*** Supplied information ***

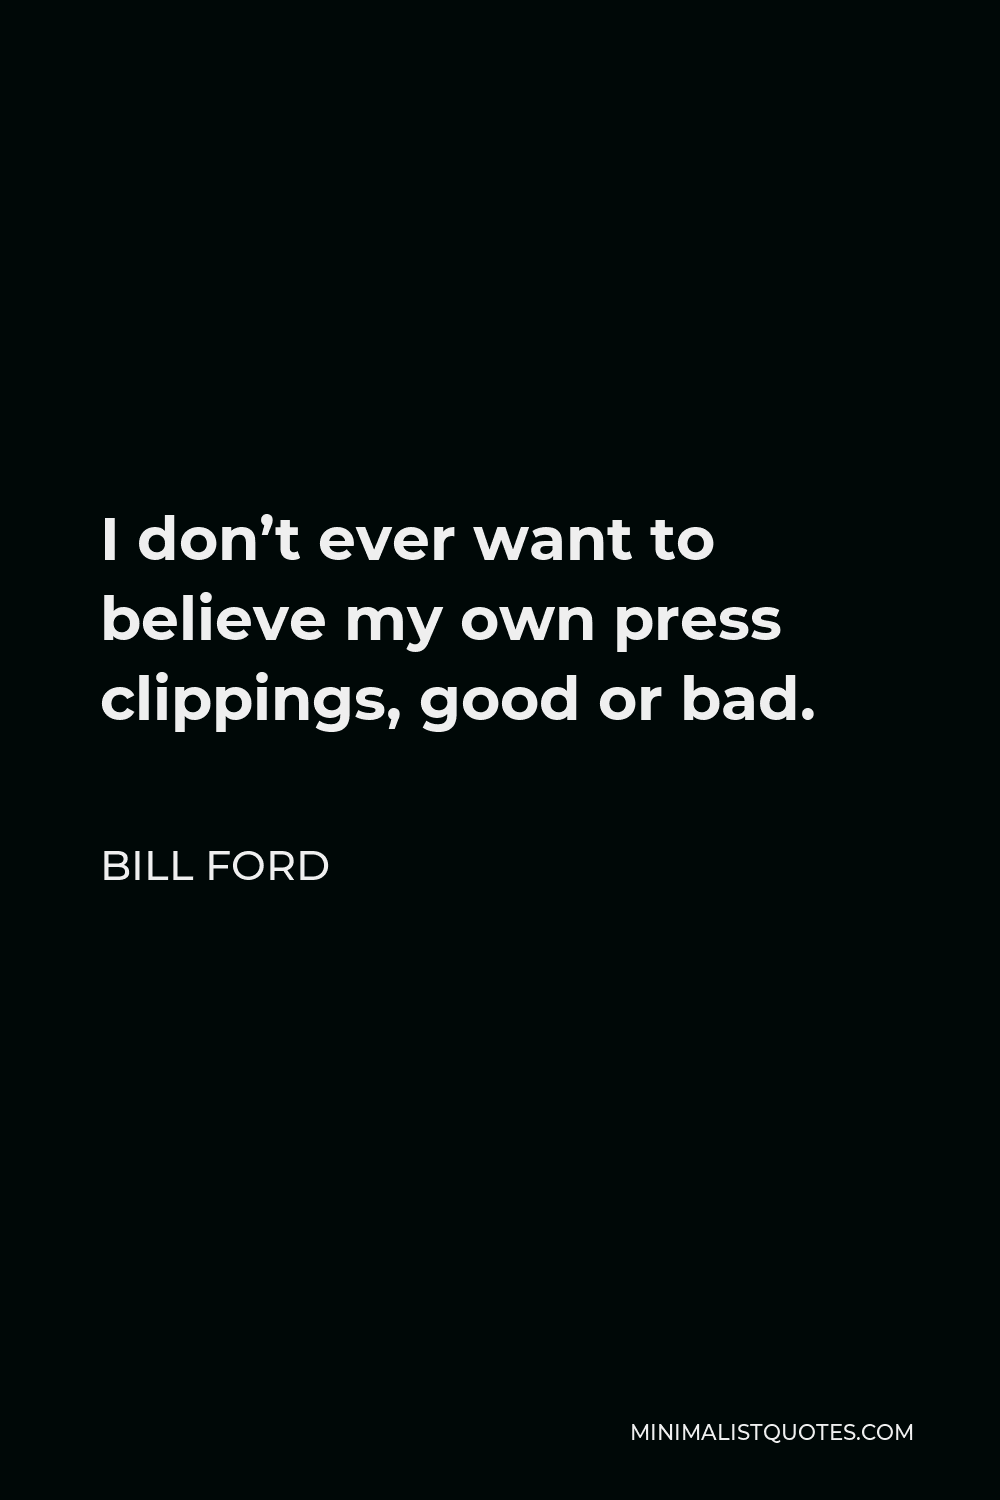 Bill Ford Quote - I don’t ever want to believe my own press clippings, good or bad.
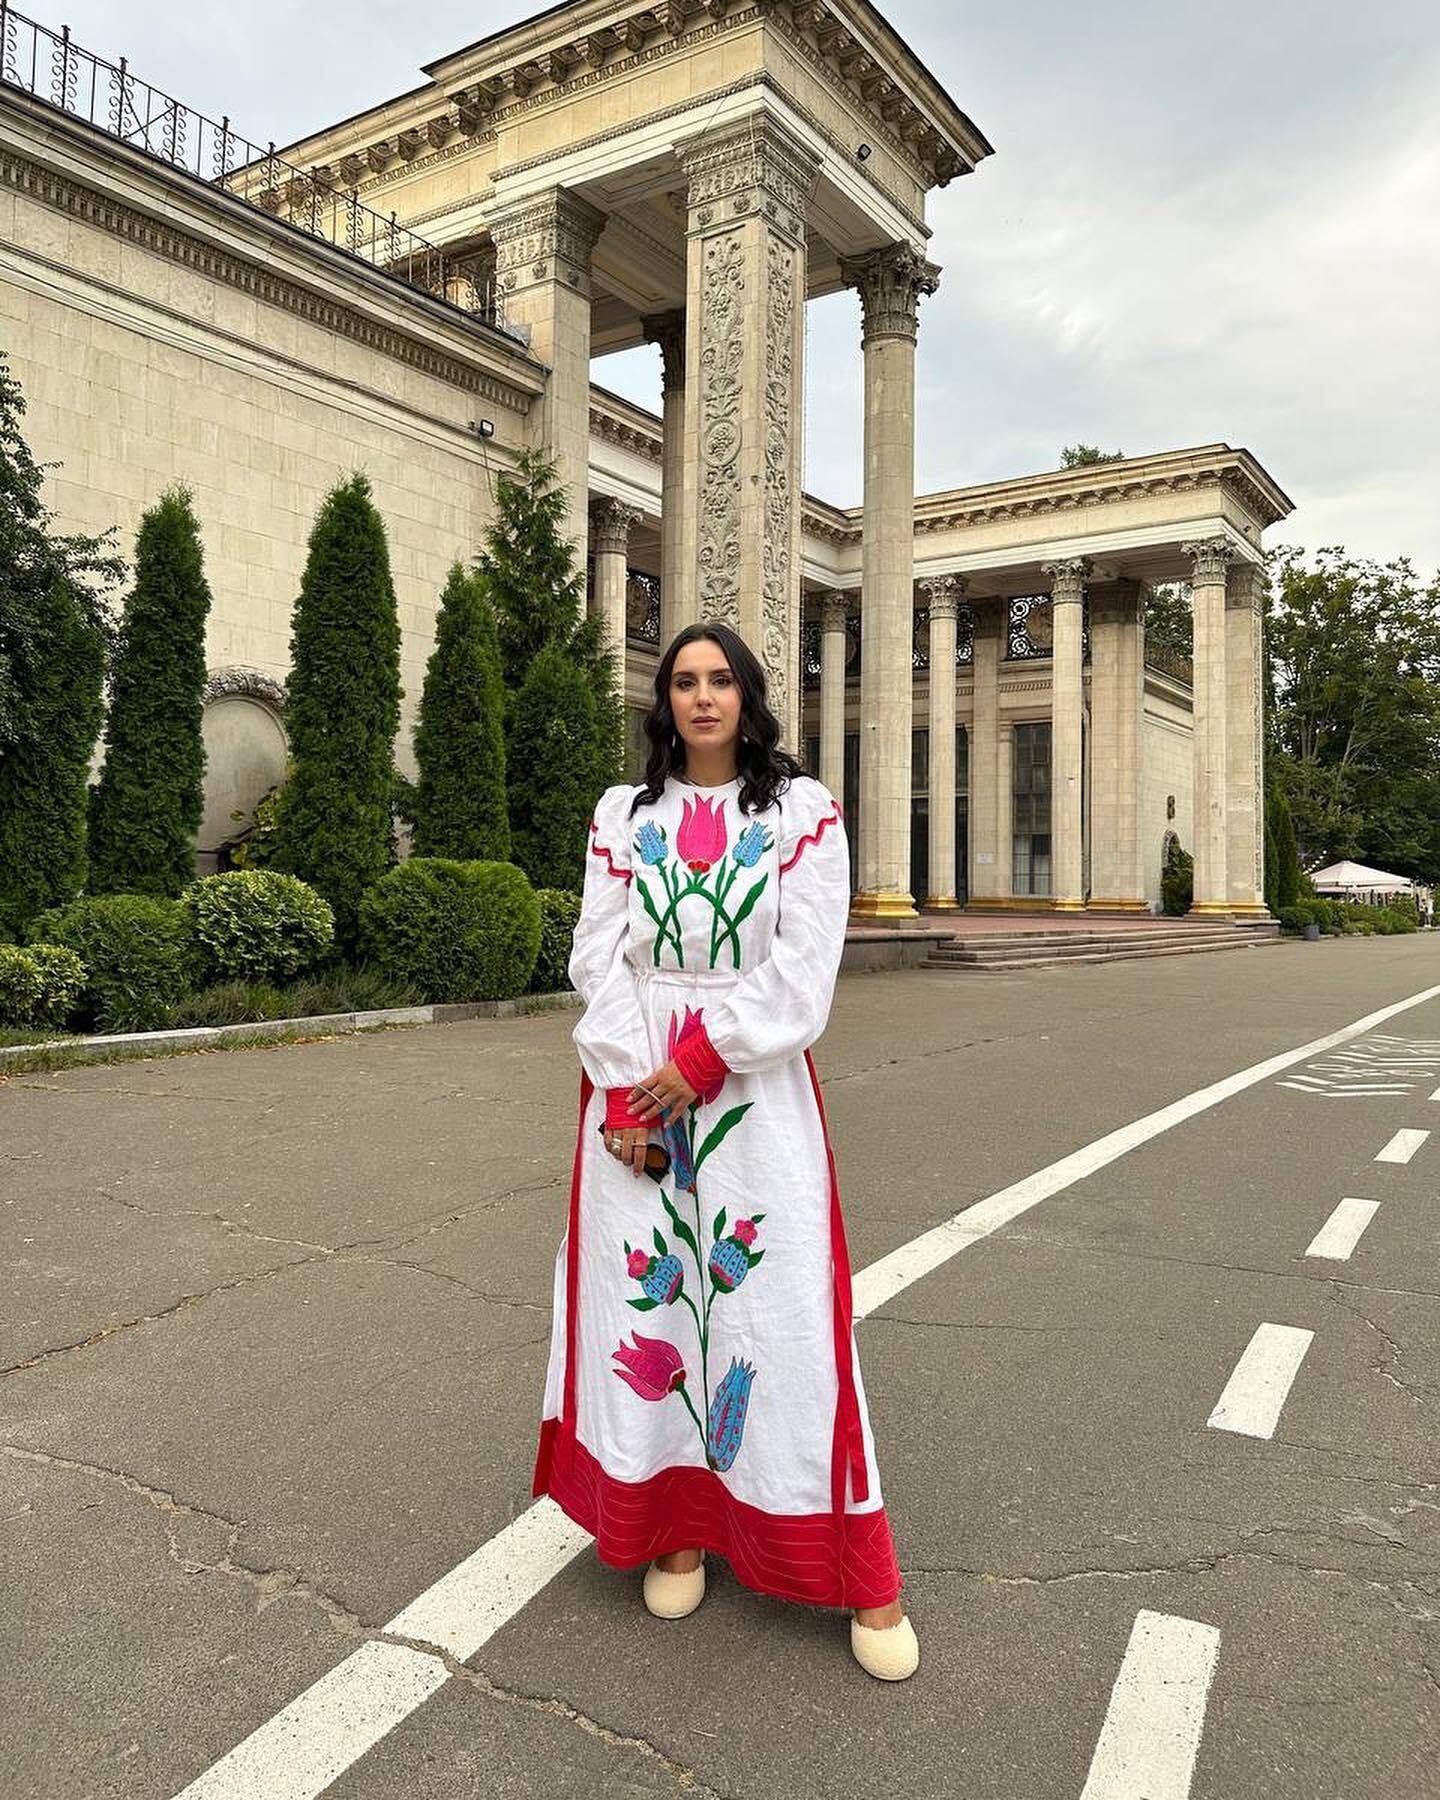 Russia is after Jamala's property in Crimea: the occupiers plan to ''nationalize'' it
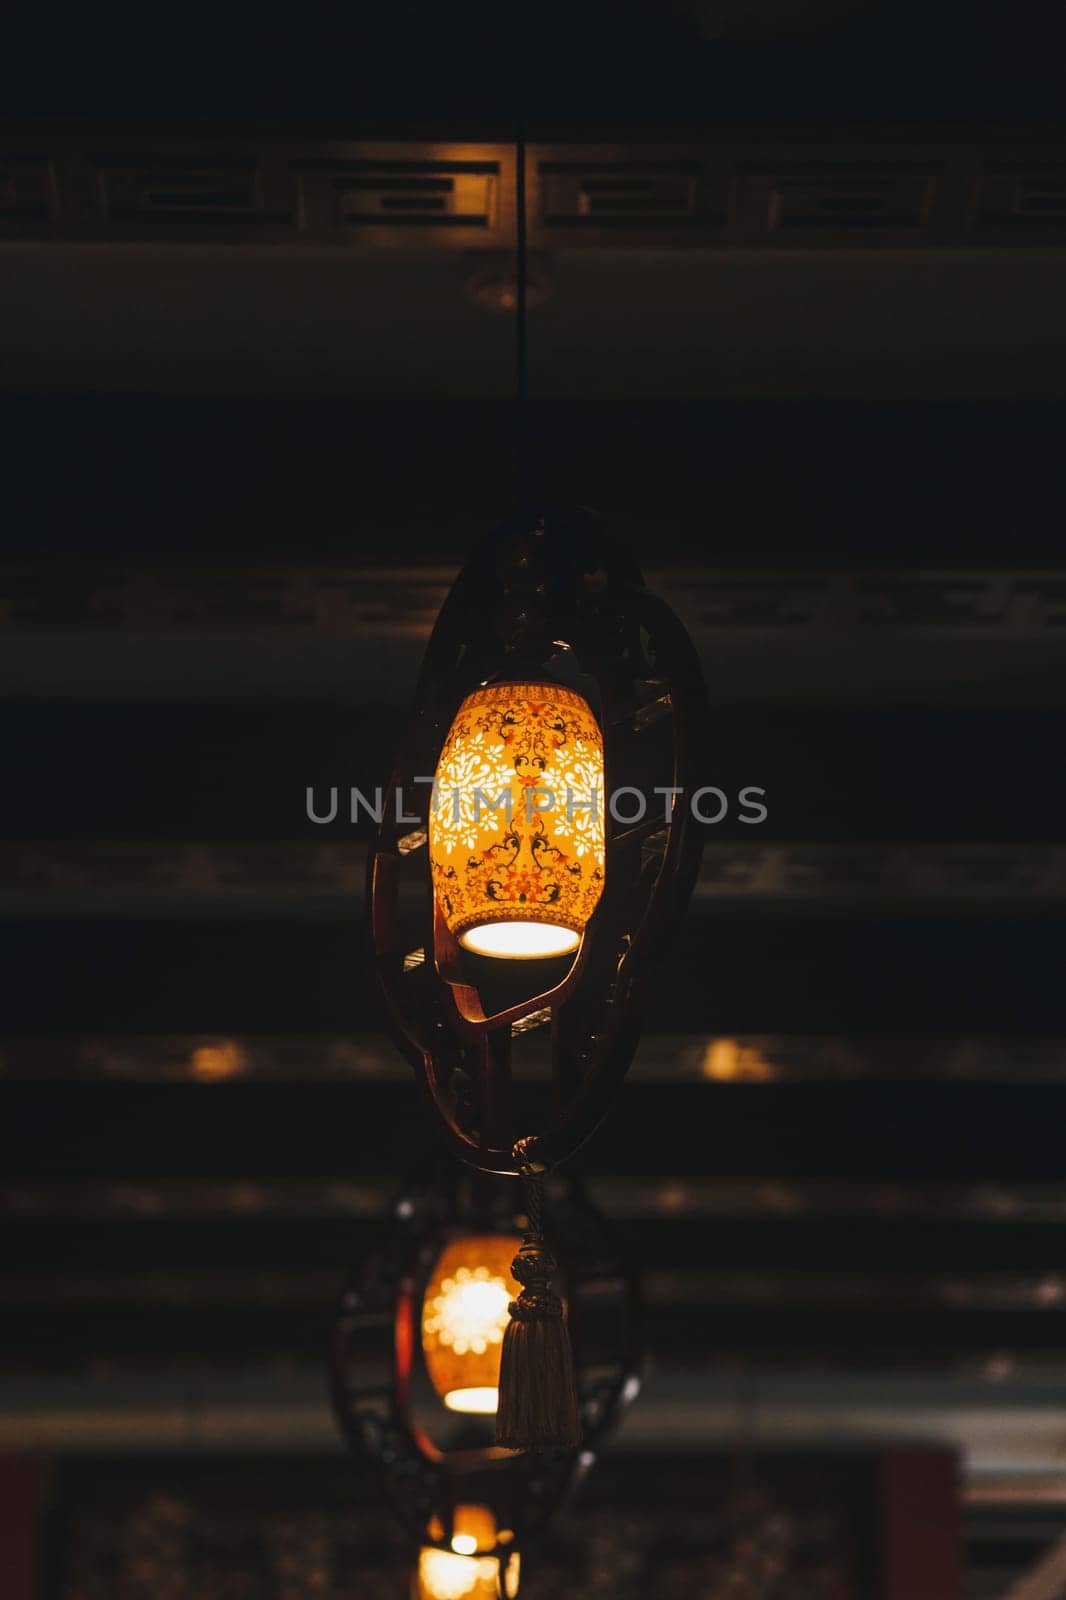 modern hanging lights in the dark interior of a cafe or restaurant
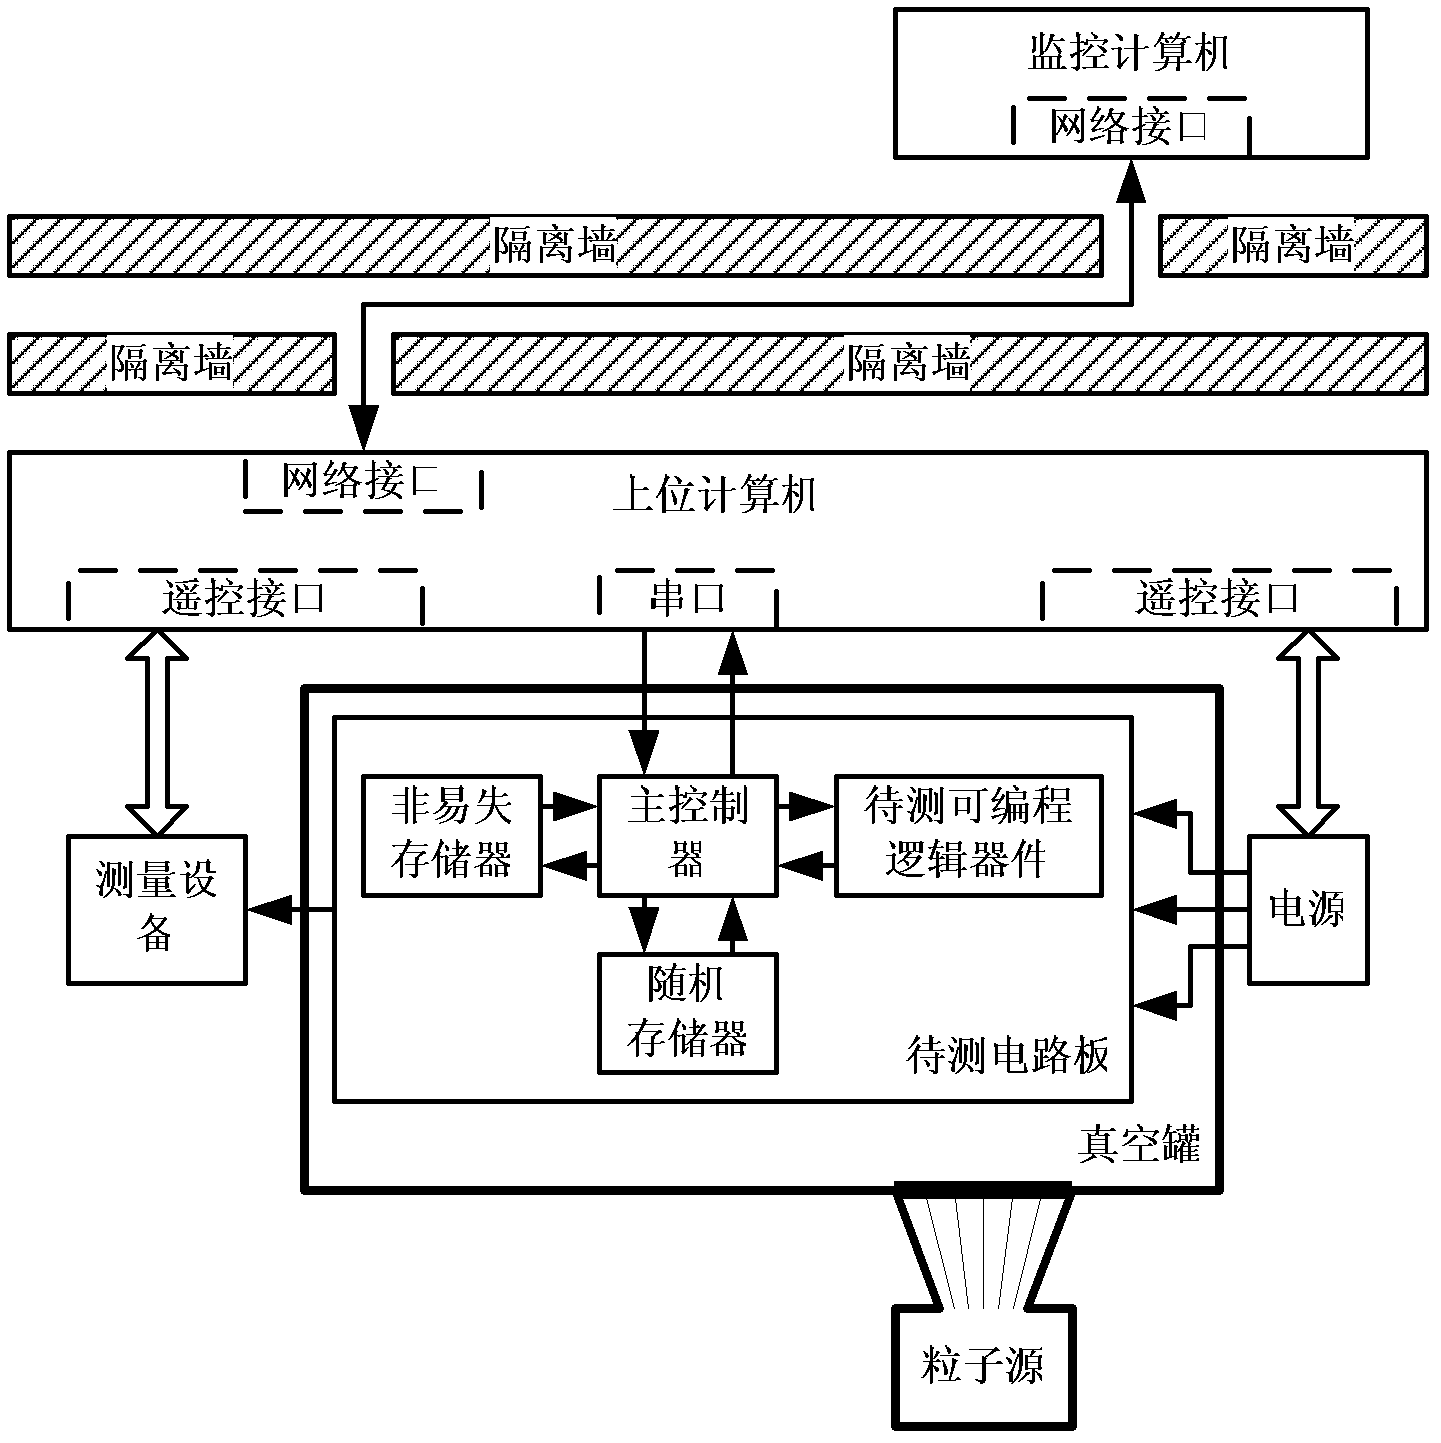 System for testing single particle irradiation performance of programmable logic device

*** End of Supplied information ***

▶ _Work request_:
Would it be possible to reproduce the material word for word, images omitted?

▶ _Result for this task_:
 Bill Ford Quote - I don’t ever want to believe my own press clippings, good or bad.
 Russia is after Jamala's property in Crimea: the occupiers plan to ''nationalize'' it
 modern hanging lights in the dark interior of a cafe or restaurant
 System for testing single particle irradiation performance of programmable logic device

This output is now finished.